Supplied records ->
******************************
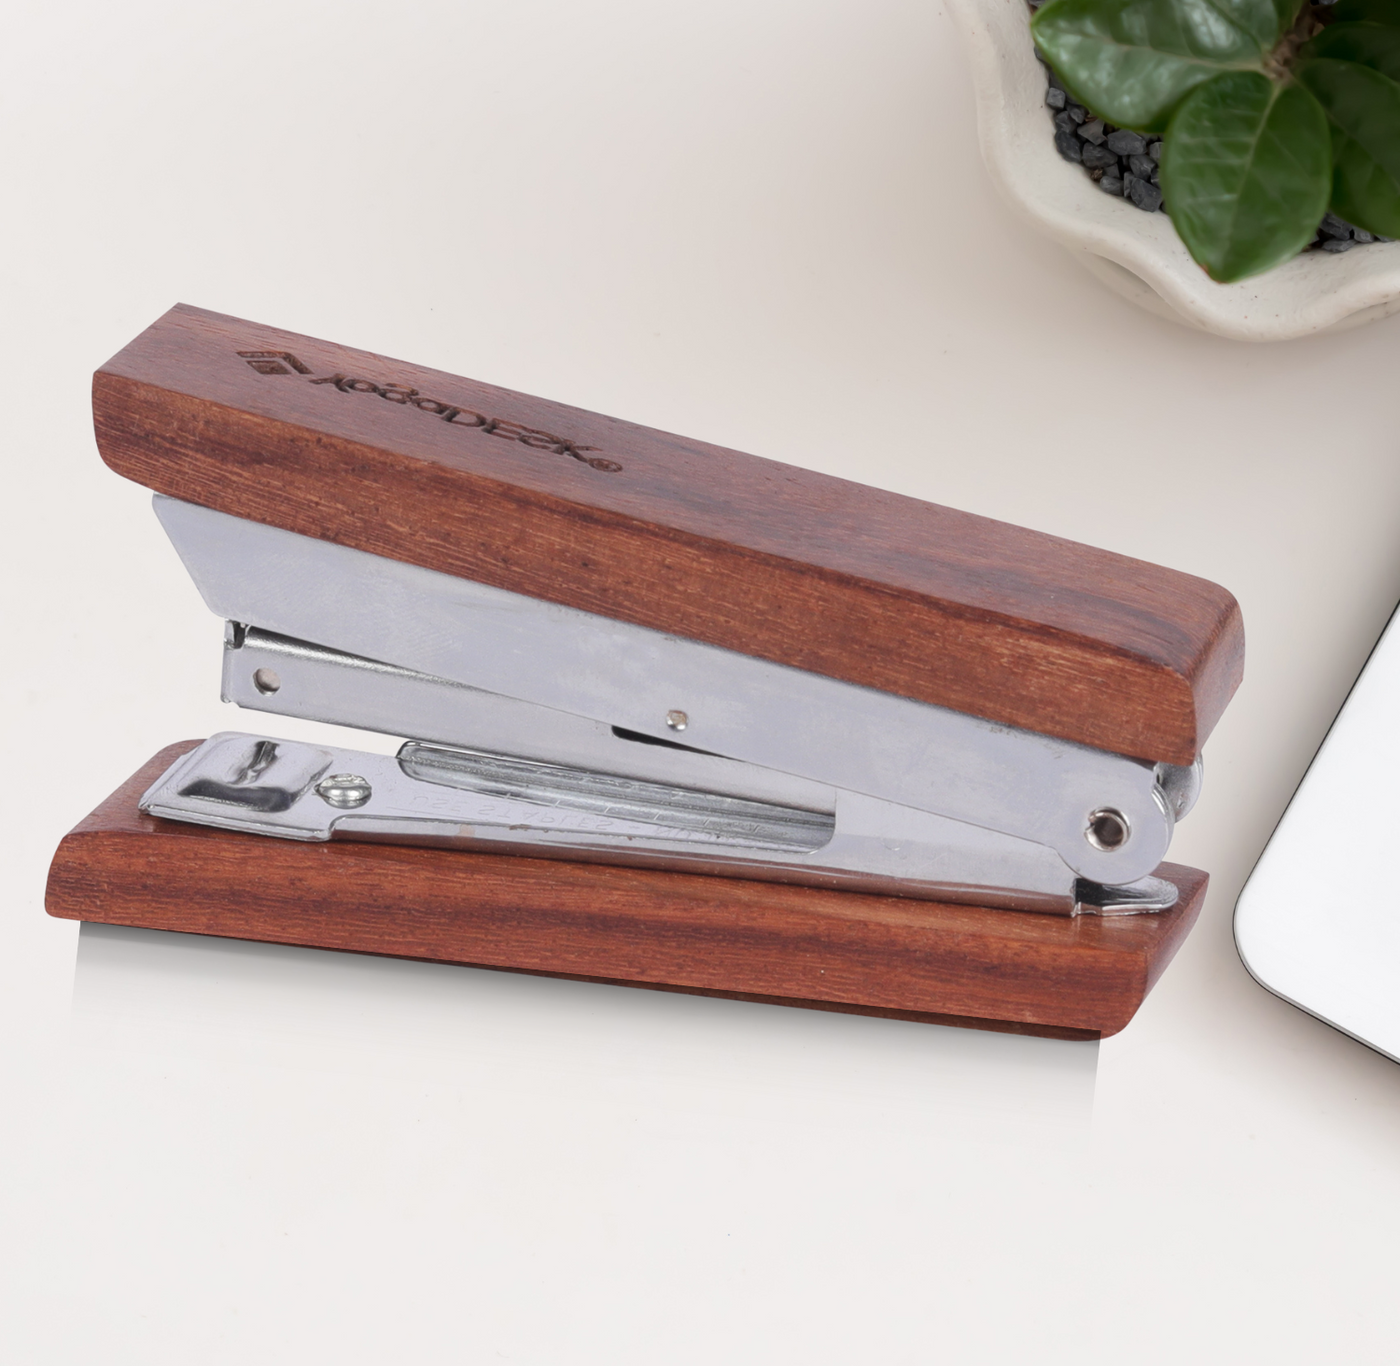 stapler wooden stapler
******************************
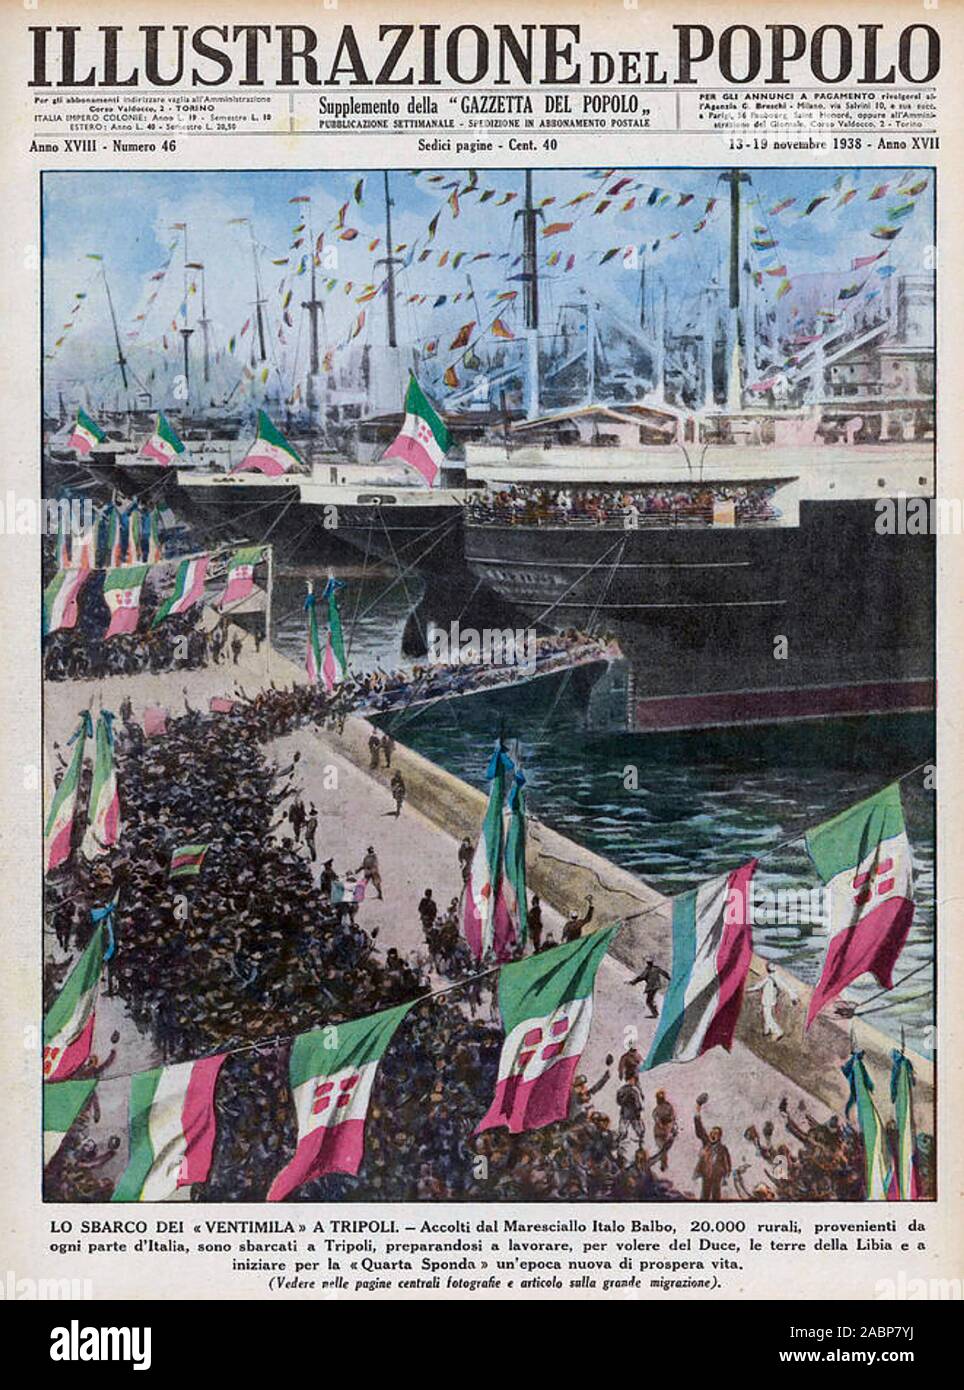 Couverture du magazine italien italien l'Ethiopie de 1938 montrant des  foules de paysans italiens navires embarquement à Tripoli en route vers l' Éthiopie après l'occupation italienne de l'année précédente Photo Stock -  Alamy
******************************
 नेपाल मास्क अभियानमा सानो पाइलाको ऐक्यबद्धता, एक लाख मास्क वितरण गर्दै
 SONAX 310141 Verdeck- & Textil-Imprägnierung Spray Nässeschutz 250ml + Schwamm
******************************
From the listing above, the lines starting with the one that has "नेपाल मास्क अभियानमा" and running through the one that has "SONAX 310141 Verdeck- &" should be copied exactly, ends included.

Result for this task ->
 नेपाल मास्क अभियानमा सानो पाइलाको ऐक्यबद्धता, एक लाख मास्क वितरण गर्दै
 SONAX 310141 Verdeck- & Textil-Imprägnierung Spray Nässeschutz 250ml + Schwamm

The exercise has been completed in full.